Al despertarse, lo primero que notó Ayten era que estaba rodeada por blanco. Mirase a donde mirase, solo veía blanco. Hasta la ropa que llevaba era de ese color, una sencilla túnica con un extraño símbolo dibujado de un tono gris claro. Lo segundo de lo que se percató fue de que le dolía la mano izquierda. Se la miró, y descubrió un tatuaje con una forma parecida a la de ondas en la superficie del mar grabado en ella. Se quedó mirándolo un buen rato, sin saber que más hacer, hasta que poco a poco el tatuaje fue desapareciendo, y se convirtió en apenas unas líneas dibujadas sobre su mano, que parecían fácilmente borrables.
Por último, descubrió que estaba tumbada sobre una gran cama, en una habitación. Se levantó y, pisando el frío suelo con los pies descalzos, abrió la puerta que había al otro lado de la sala.

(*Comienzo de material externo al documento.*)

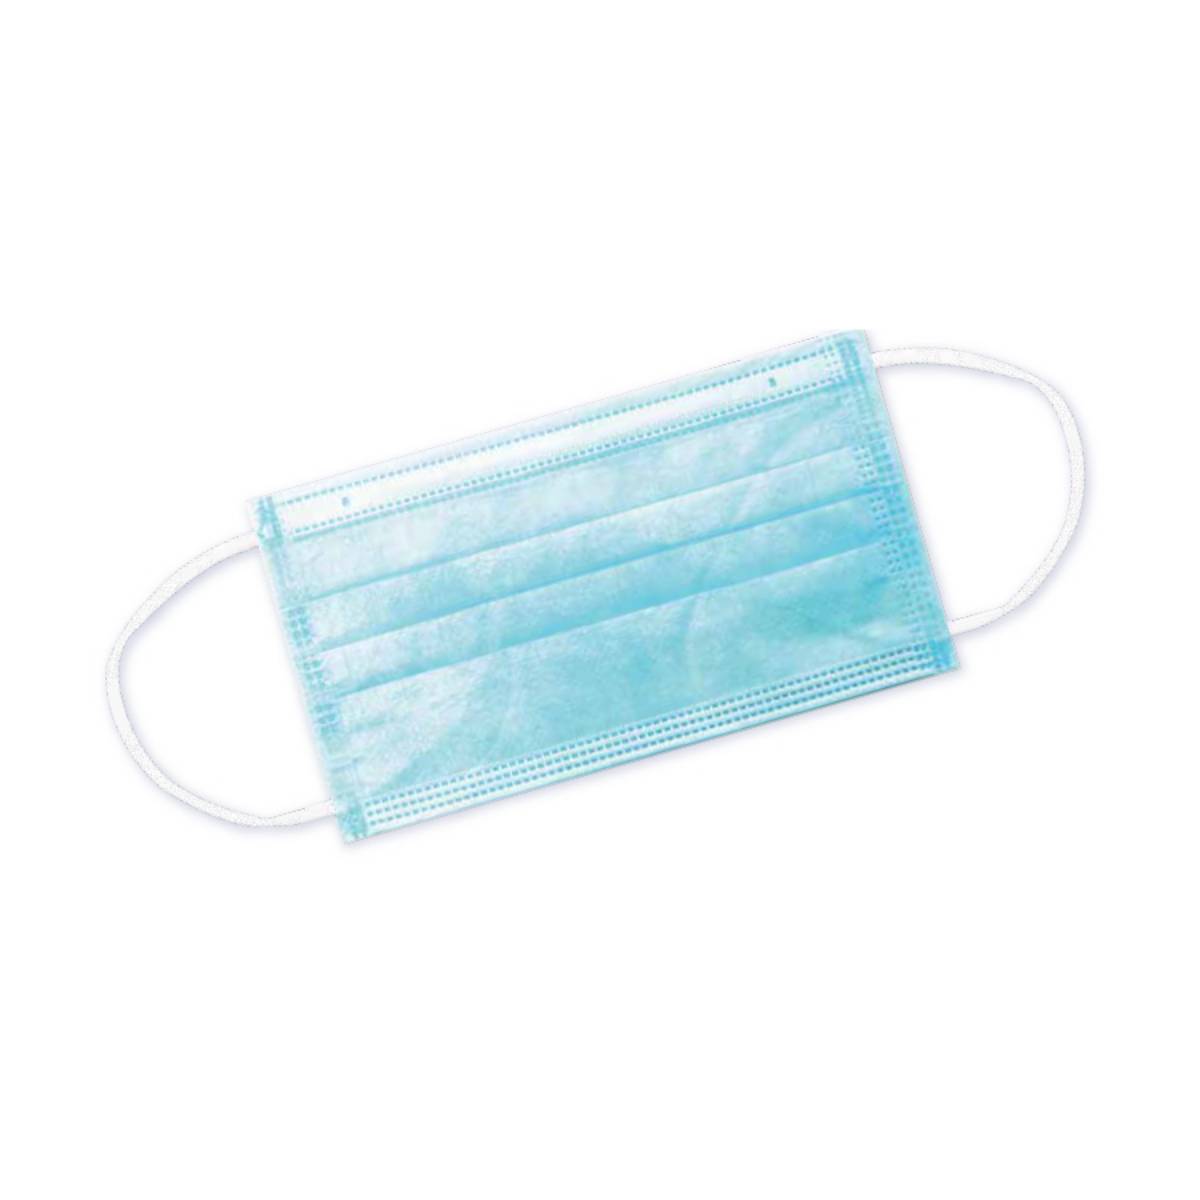 Pack of 50 Type IIR Disposable Surgical Face Mask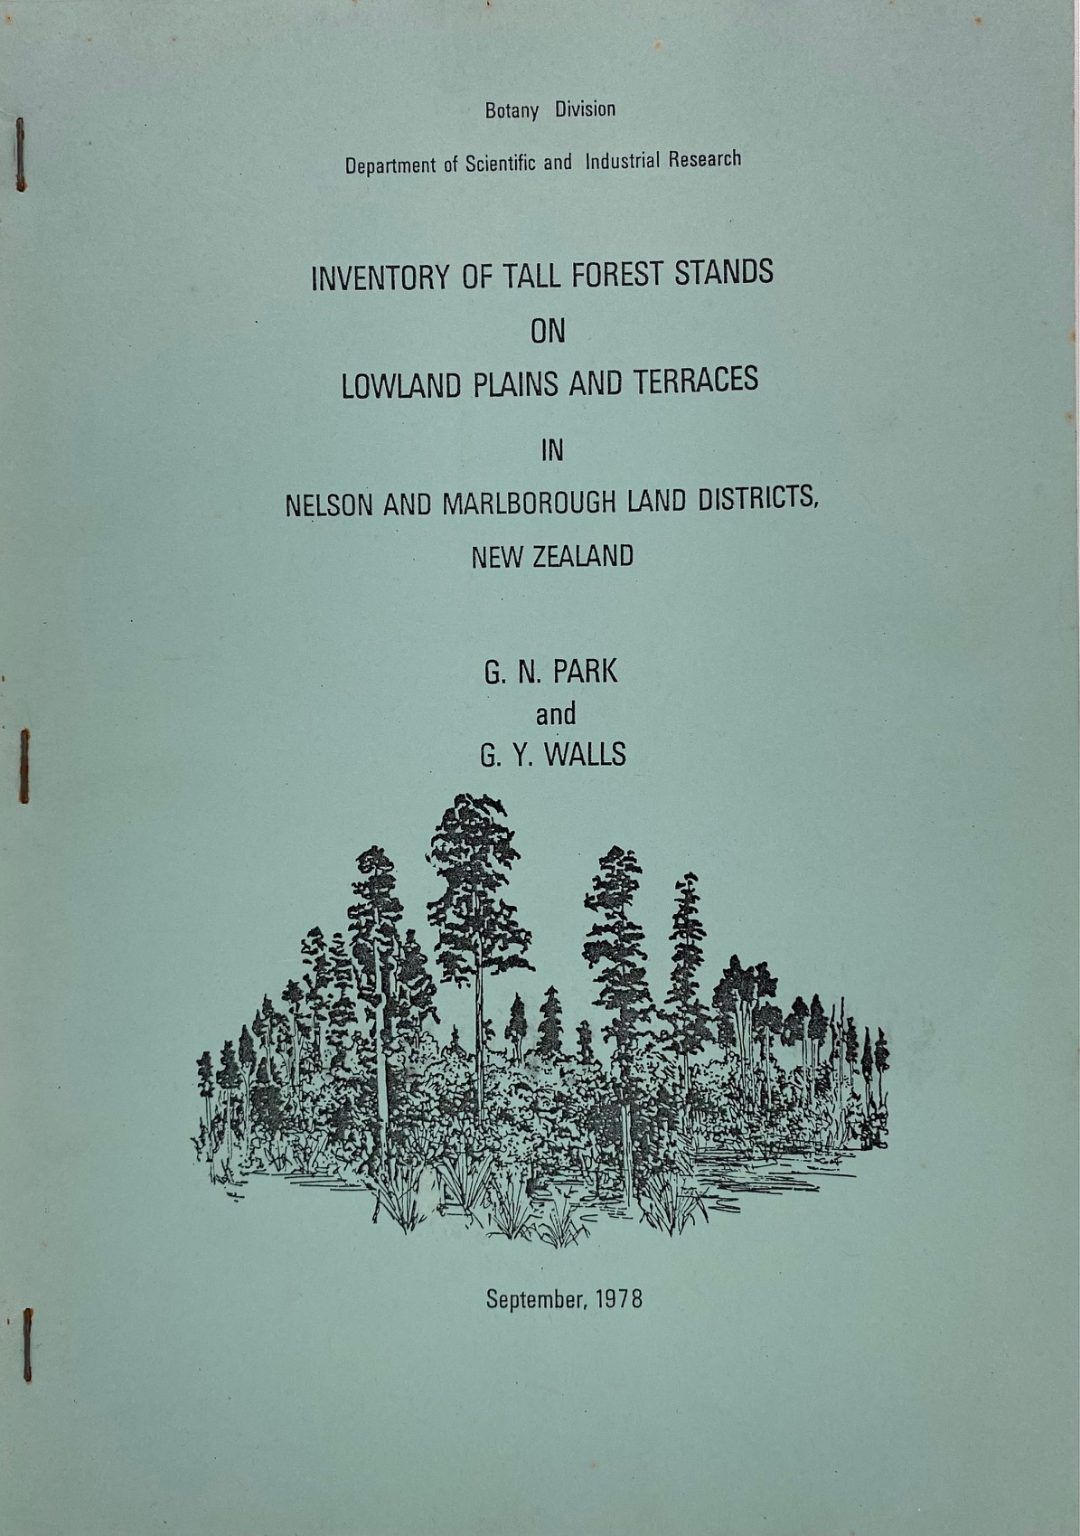 OLD REPORT: Inventory of Tall Forest Stands in Nelson and Marlborough Districts

-Veo que se ha despertado, señorita-le habló uno de los dos guardas que habían apostados frente a su puerta. En un principio no les había visto, ya que parecían estatuas que formaban parte de la decoración del largo pasillo que se extendía ante ella. Eran idénticos el uno al otro, de piel nívea, ojos grises y cabello blanco. Los dos llevaban una armadura del mismo color, con delicadas filigranas plateadas repletas de símbolos, entre los que figuraban el que ella llevaba grabado en su túnica. Ambos llevaban como única arma una lanza de la misma longitud que ellos, de madera blanca y punta expertamente afilada.-Debemos llevarla ante El Observador-Acto seguido uno se colocó detrás suyo, y otro se quedó delante, y empezaron a caminar, obligando a Ayten a hacer lo mismo.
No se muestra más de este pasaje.